Nomos emits two complementary observability surfaces:

  • audit events for durable security evidence
  • OpenTelemetry-compatible telemetry records for execution tracing and counters

Telemetry Export

Telemetry is optional and disabled by default.

When enabled, Nomos emits a fail-safe structured telemetry stream to:

  • stdout
  • stderr
  • otlp:<base_url> over OTLP/HTTP JSON (/v1/traces, /v1/logs, /v1/metrics)

Telemetry export failures are ignored and MUST NOT change authorization or execution decisions.

Stable Fields

Telemetry records use stable field names:

  • signal_type
  • event_name
  • trace_id
  • correlation_id
  • traceparent (when accepted from HTTP ingress)
  • tracestate (when accepted from HTTP ingress)
  • status
  • attributes

Metrics use:

  • signal_type
  • name
  • kind
  • value
  • trace_id
  • attributes

Metric kinds currently exported by Nomos:

  • counter
  • gauge
  • histogram

Emitted Signals

The current implementation emits:

  • request lifecycle events
  • policy evaluation events
  • executor run events
  • counters for decisions, rate limits, approvals, retries, and failures
  • upstream MCP request counters and latency histograms
  • upstream MCP breaker transition events and breaker-state gauges
  • upstream MCP session lifecycle events

nomos.rate_limits counters include stable result, rule_id, scope, action_type, and principal attributes. result=allowed means a matching bucket was consumed; result=exceeded means the action was denied with RATE_LIMIT_EXCEEDED.

mcp.upstream_breaker.transition events include stable upstream_server, from_state, to_state, and failure_kind attributes. These events are emitted only on state transitions and do not change policy or execution decisions.

Per-Upstream MCP Telemetry

Nomos emits per-upstream telemetry for configured MCP upstream servers.

Stable metric names:

  • nomos.mcp.upstream.requests
  • nomos.mcp.upstream.latency_ms
  • nomos.mcp.upstream.breaker_state

nomos.mcp.upstream.requests is a counter emitted once per upstream RPC attempt, including fast-fail outcomes.

Stable labels:

  • upstream_server
  • transport
  • method
  • action_type
  • outcome
  • error_class

nomos.mcp.upstream.latency_ms is a histogram sample emitted with the same labels.
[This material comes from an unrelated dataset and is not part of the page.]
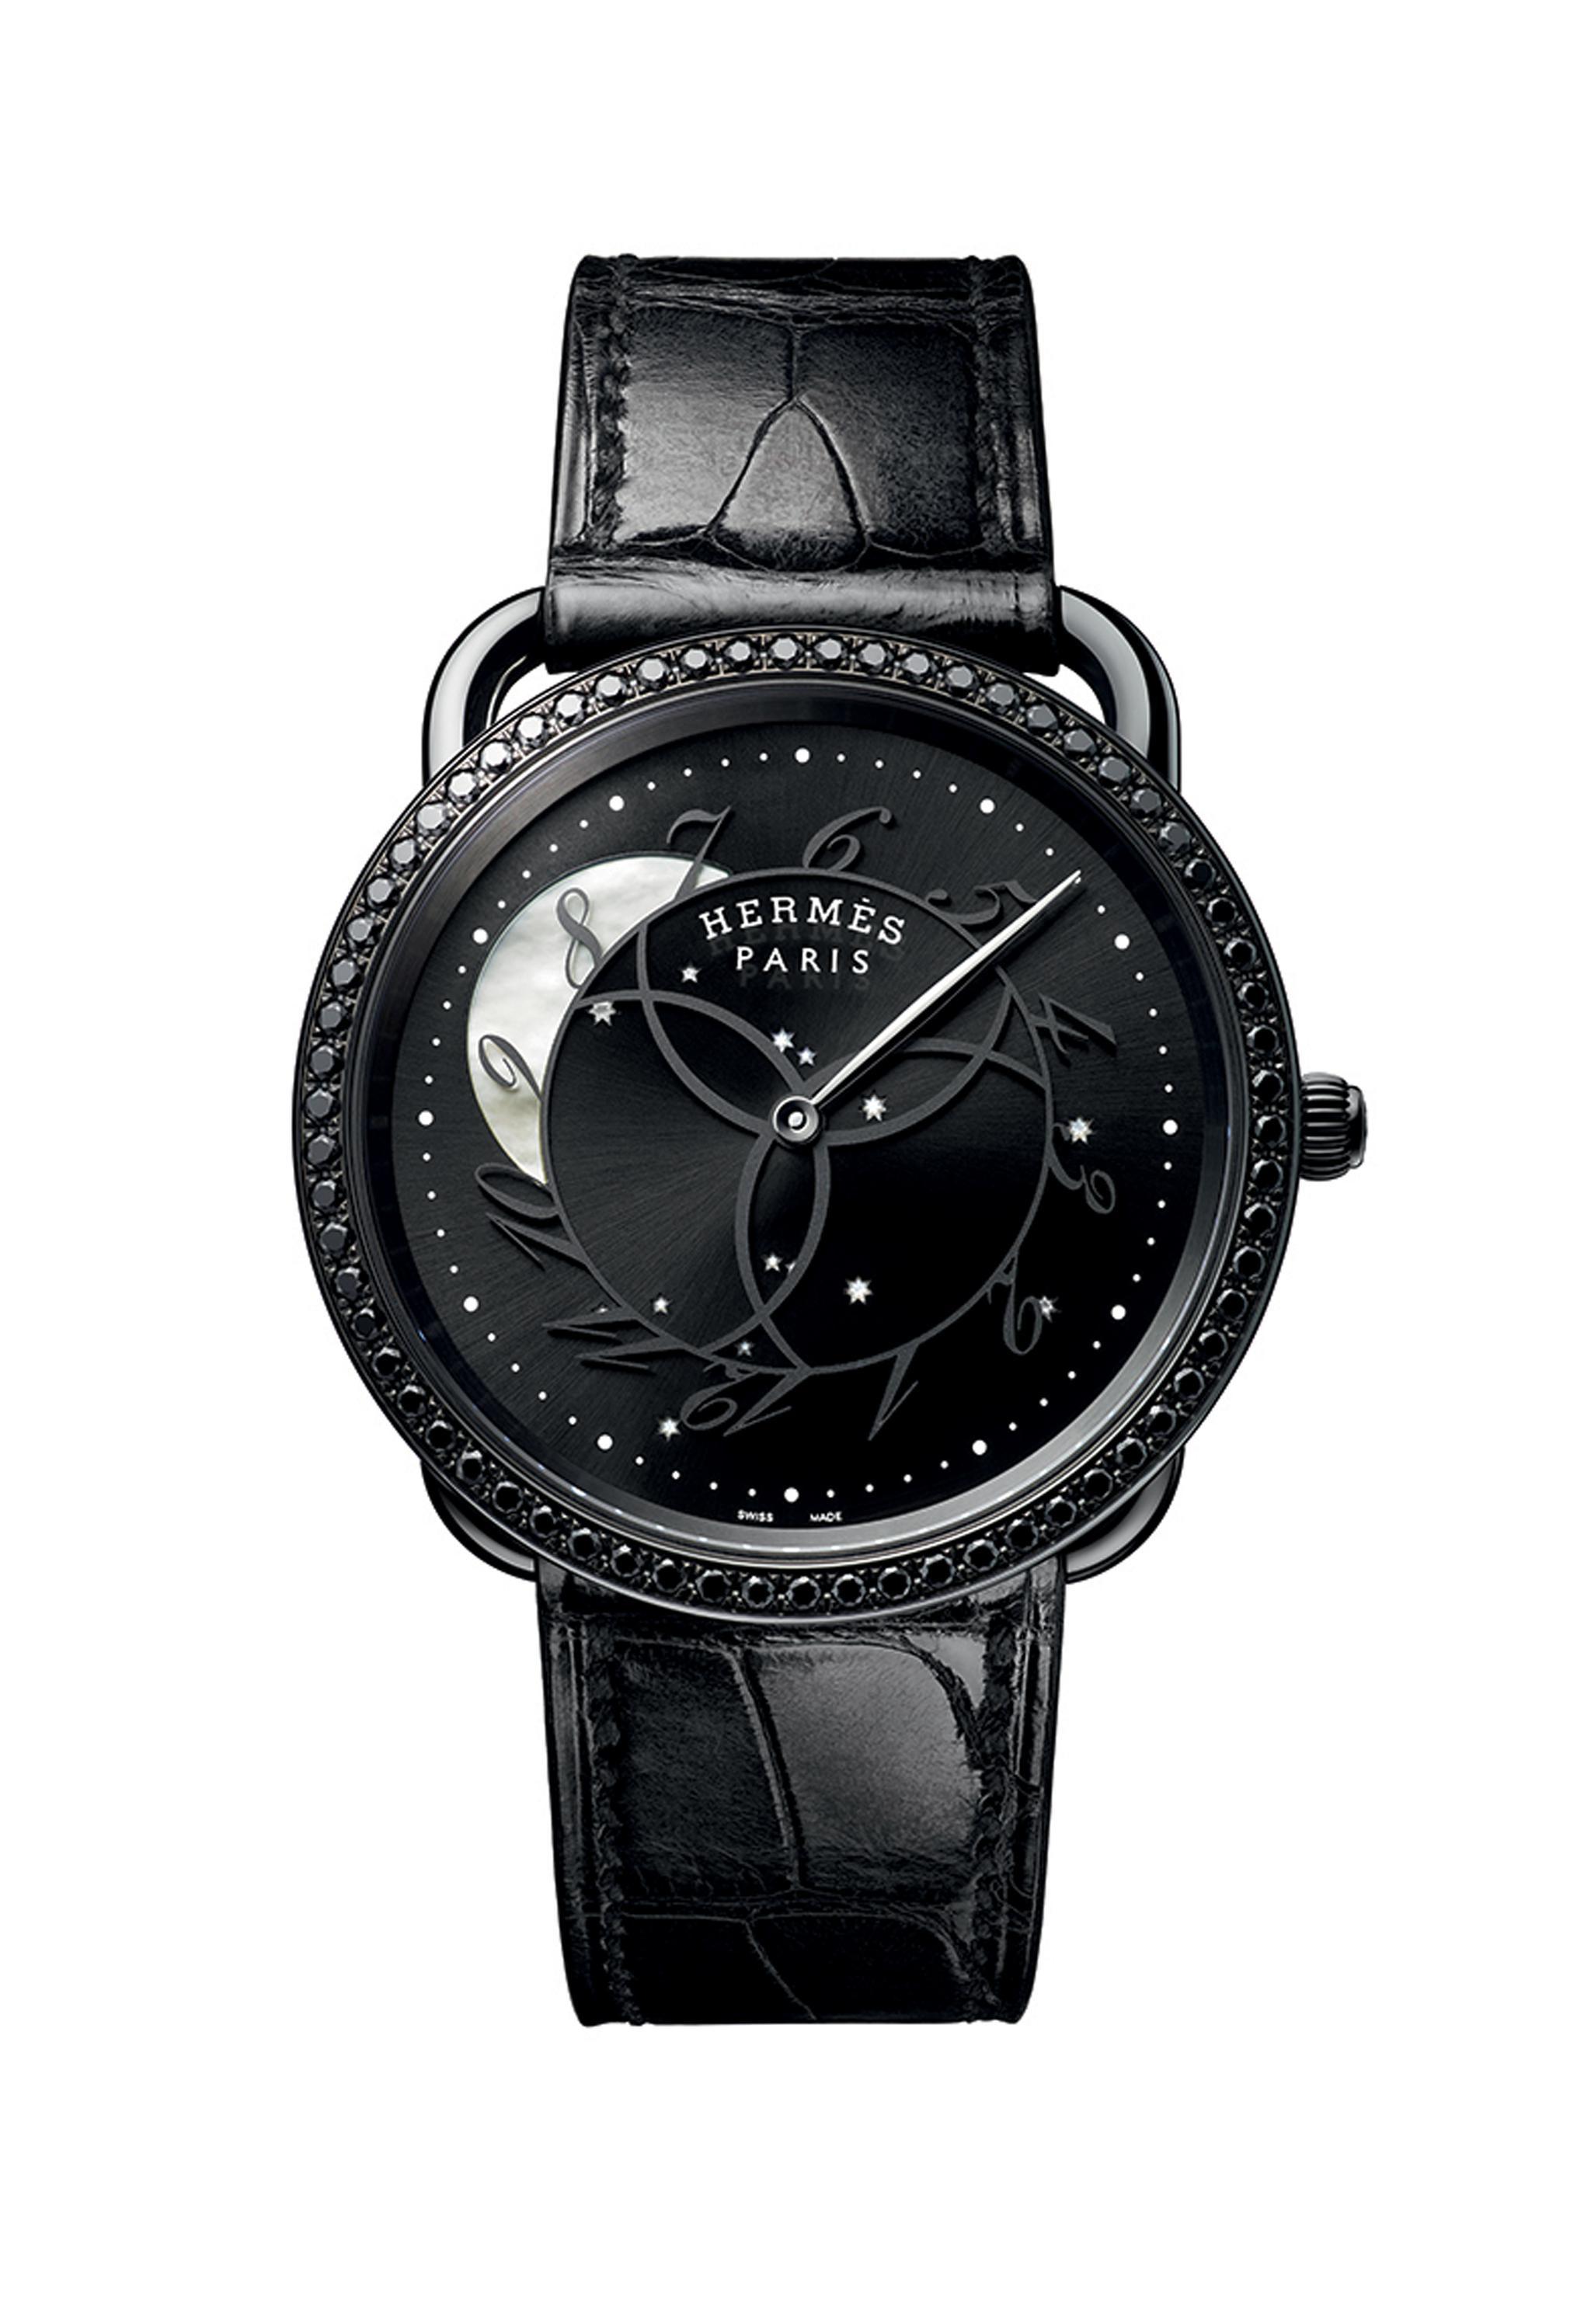 爱马仕Arceau Ronde des heures 哑光拉丝不锈钢腕表,配亮面鳄鱼皮表带

It measures elapsed upstream RPC time in milliseconds. When a connection must be established first, Nomos also emits an initialize latency sample for the connection/handshake stage.

nomos.mcp.upstream.breaker_state is a gauge. Values are:

  • 0 disabled
  • 1 closed
  • 2 half-open
  • 3 open

Stable labels:

  • upstream_server
  • state
  • enabled

Per-upstream events:

  • mcp.upstream.request
  • mcp.upstream.session.lifecycle
  • mcp.upstream_breaker.transition

Structured MCP runtime logs use the same stable field names as the events where applicable:

  • event
  • upstream_server
  • upstream_session_id
  • transport
  • stage
  • method
  • action_type
  • outcome
  • error_class
  • latency_ms

These logs never include raw tool arguments, upstream responses, request bodies, headers, or credential values.

Cardinality Guidance

Per-upstream labels are intentionally bounded:

  • method is normalized to a fixed set such as tools.call, resources.read, prompts.get, or other.
  • action_type is normalized to canonical Nomos action classes such as mcp.call, mcp.resource_read, or mcp.upstream_rpc.
  • outcome is limited to success, error, or blocked.
  • error_class is limited to stable classes such as none, transport, protocol, timeout, credential, canceled, or breaker_open.
  • free-form values such as upstream_server are sanitized and length-capped before export.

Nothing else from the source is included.